DATASET EXTRACT —
● ● ● ● ● ● ●
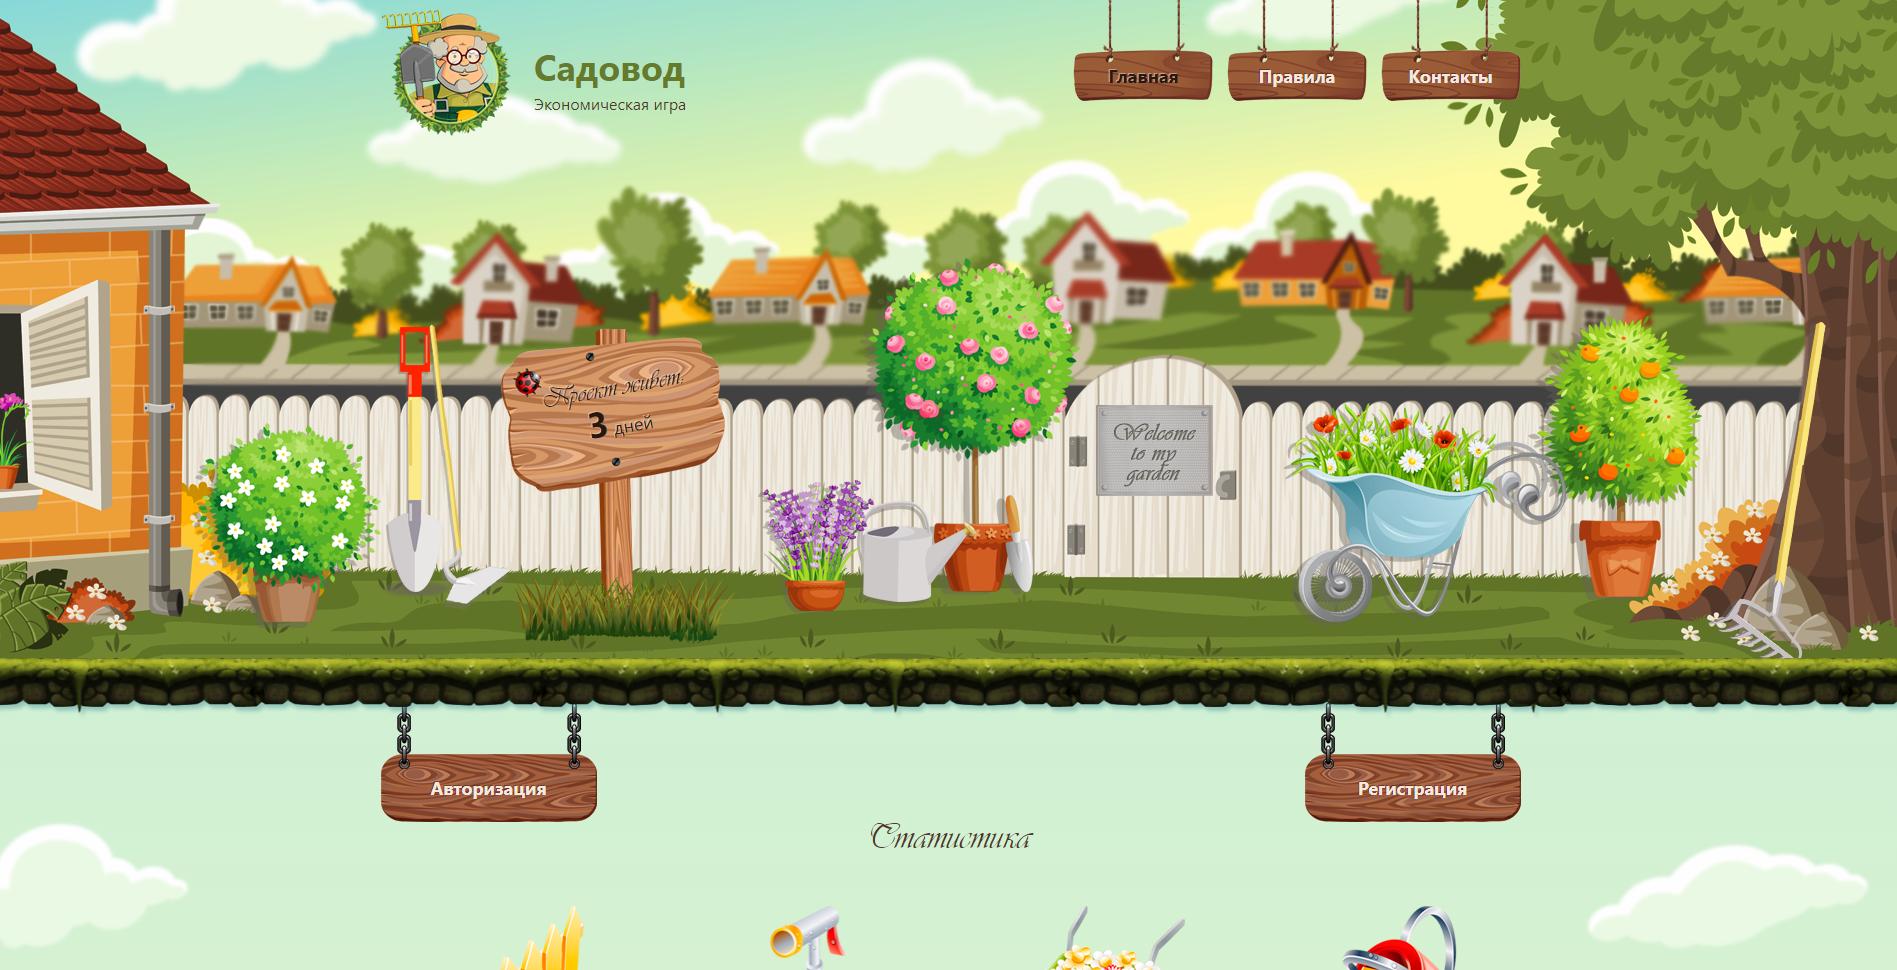 Gardeners Game - Gardeners-game.biz
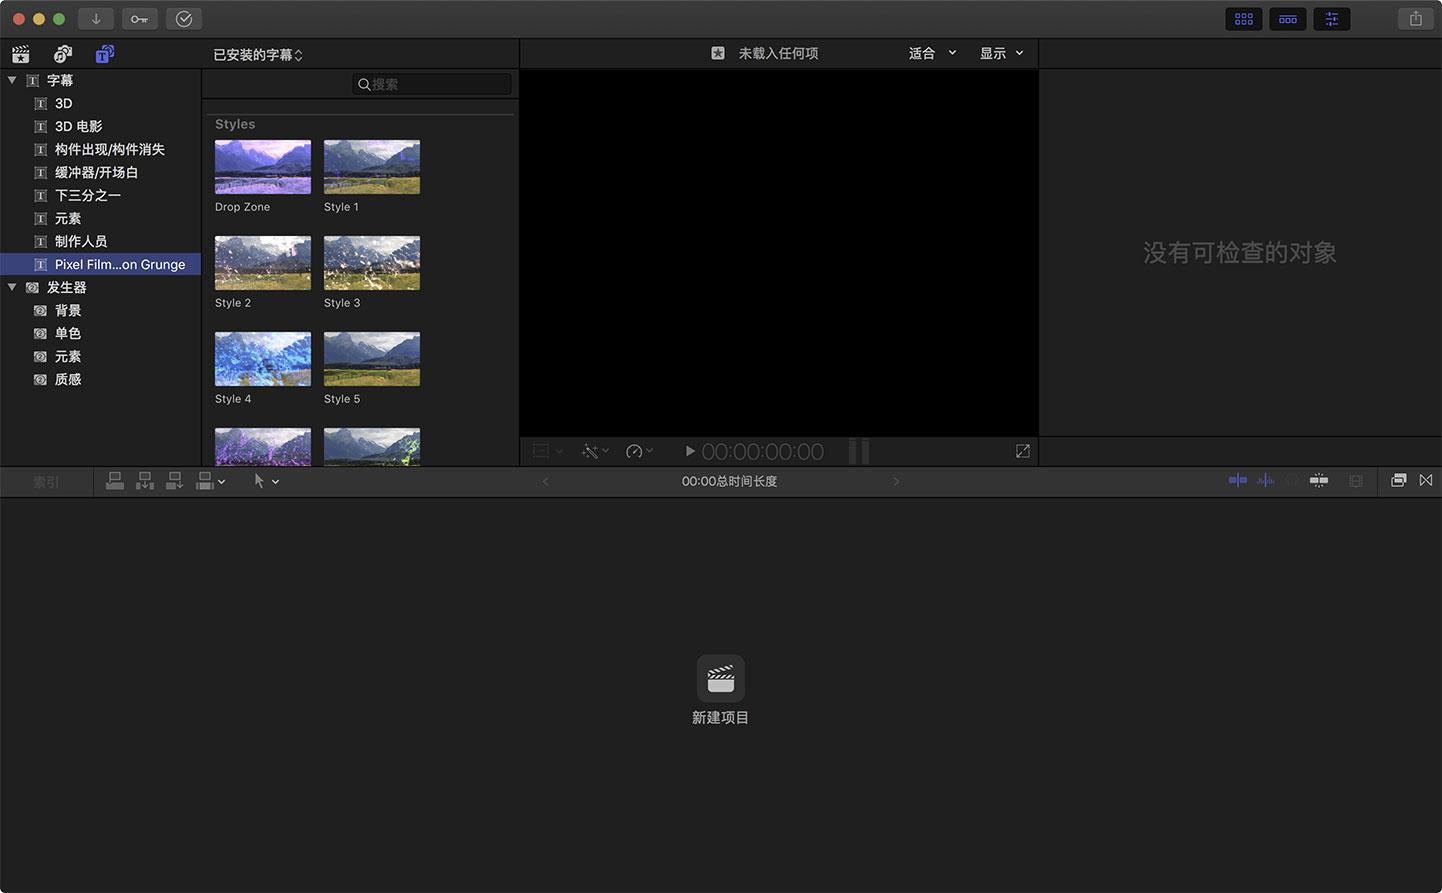 Final Cut Pro X 10.4 – 专业高效高性能的Mac视频剪辑编辑解决方案软件
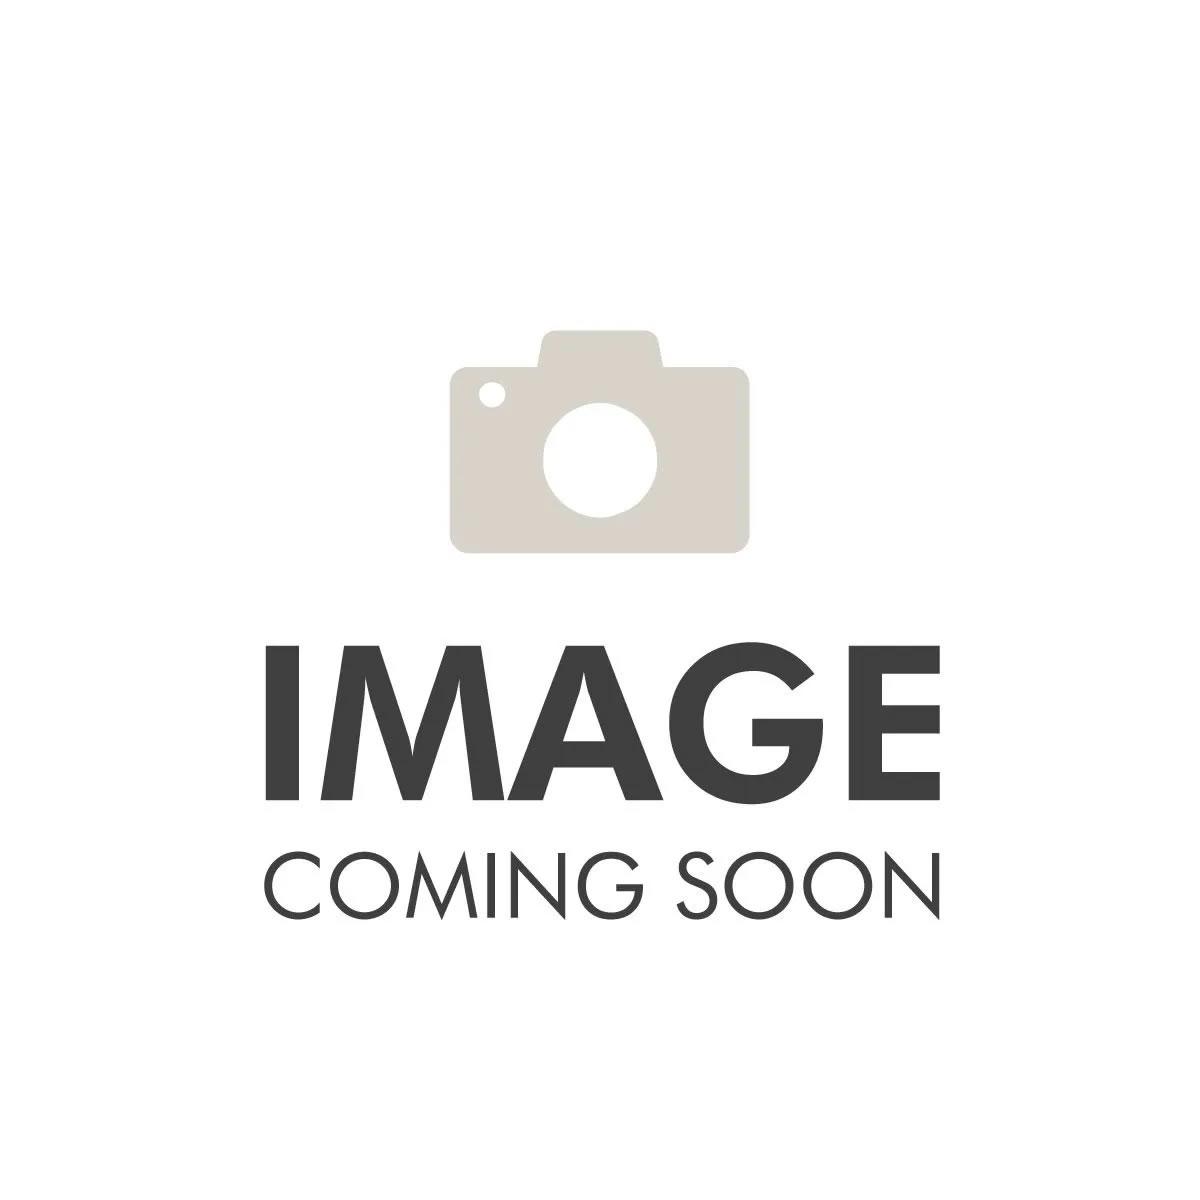 Neo Seat Protector Vests, Black, 07-18 JK/JL
● ● ● ● ● ● ●
PROBLEM DESCRIPTION — In your answer, repeat the material above in full, exactly, and without its pictures.

REPLY TO THE EXERCISE —
 Gardeners Game - Gardeners-game.biz
 Final Cut Pro X 10.4 – 专业高效高性能的Mac视频剪辑编辑解决方案软件
 Neo Seat Protector Vests, Black, 07-18 JK/JL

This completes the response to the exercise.